Horror movies draw on folk tales. Sometimes they do it directly,
but more often it is indirect. Monsters of various sorts populate
folktales—trolls, goblins, werewolves, witches, vampires and other
kinds of undead the latter of which would include the modern
Frankenstein monster. Folktales in the present usage refers to stories
that have no particular authors but have circulated in various forms
among populations define by semi-permeable cultural boundaries.
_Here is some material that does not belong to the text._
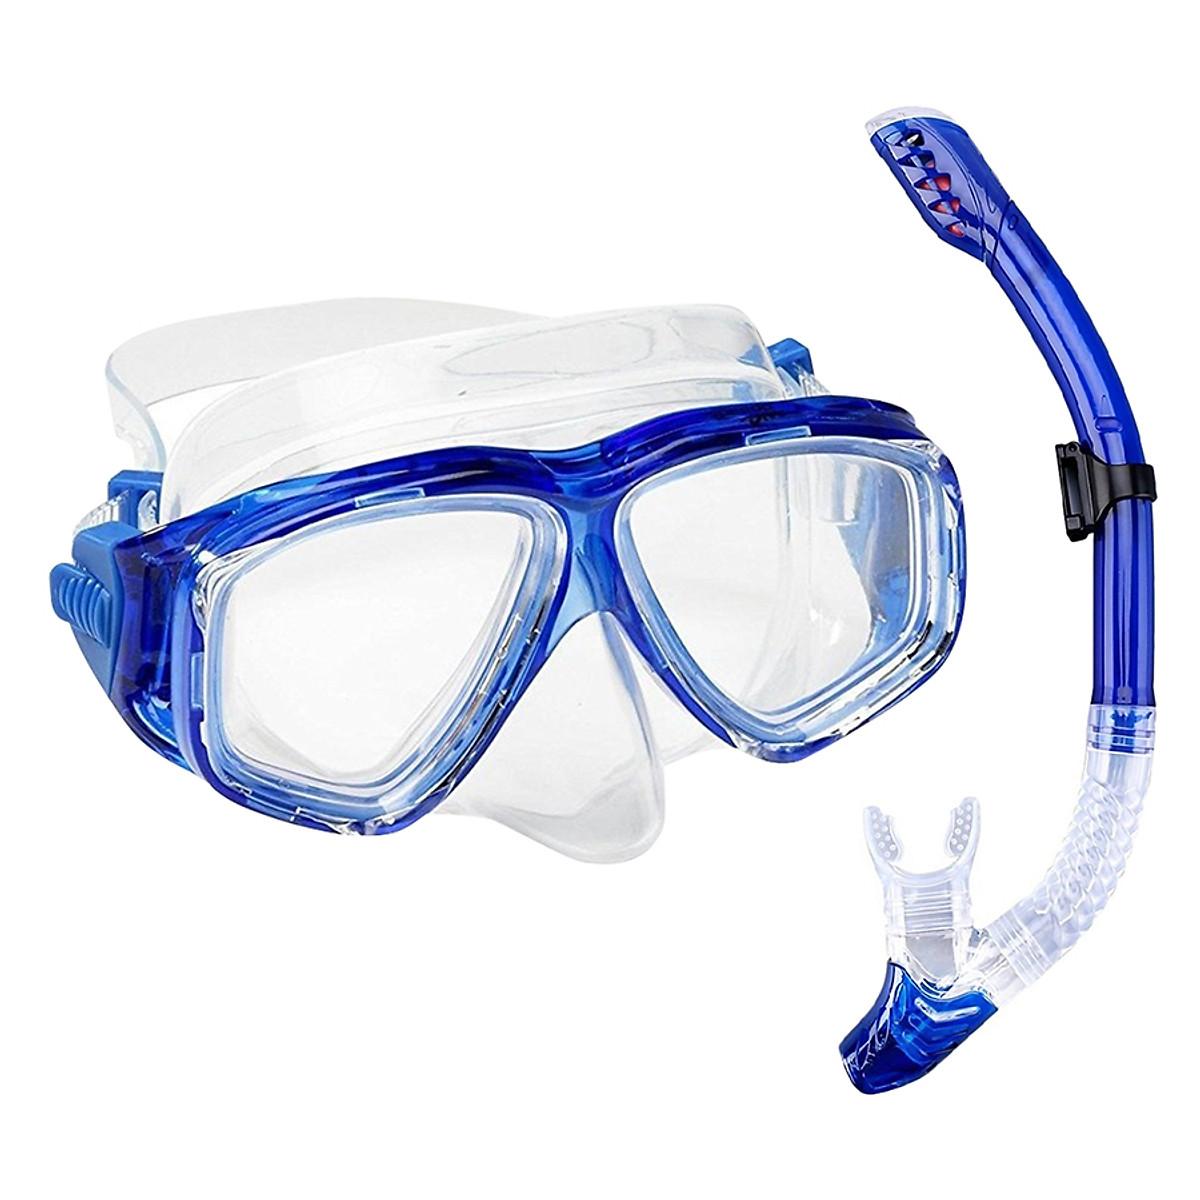 Mặt Nạ Lặn Ống Thở, Cận 7.0 Độ, Mắt Kính Cường Lực, Ống Thở Ngăn Nước POPO Myopia-Mask-Set-7.0 - 2

This is most noticeable in geographically bounded areas like the
Middle East, Scandinavia, sub-Saharan Africa, and North America
where various mythical figures appear in slightly different versions
among culture-defining narratives. Occasionally a set of folk tales
takes on foundational significance for a much broader cultural
tradition. Such is the case for Greek myths that serve as a foundation
stone for Western culture.
What are the commonalities of Greek ancient tragedy and horror
movies? For example, what has Helen of Troy’s abduction by Paris
in common with the movie Hostel?
In the Homeric version of the story, Helen is kidnapped by Paris
while he and his brother, Hector, enjoyed the hospitality of Menelaus,
Helen’s husband and brother of Agamemnon, who then led the
invasion of Troy to re-capture Helen. In the Illiad’s account, the
question of hospitality arises at least twice: With Paris’ violation of
stealing his host’s wife and the introduction of the Trojan horse into
the walled city. A perverse side of hospitality, as noted by Julia
Kristeva (1991), occurs when guests are welcomed only to be enslaved
or killed, which illustrates the mechanism of reversal prevalent in
folktales, and it is an example of negative reciprocity (Sahlins, 1972).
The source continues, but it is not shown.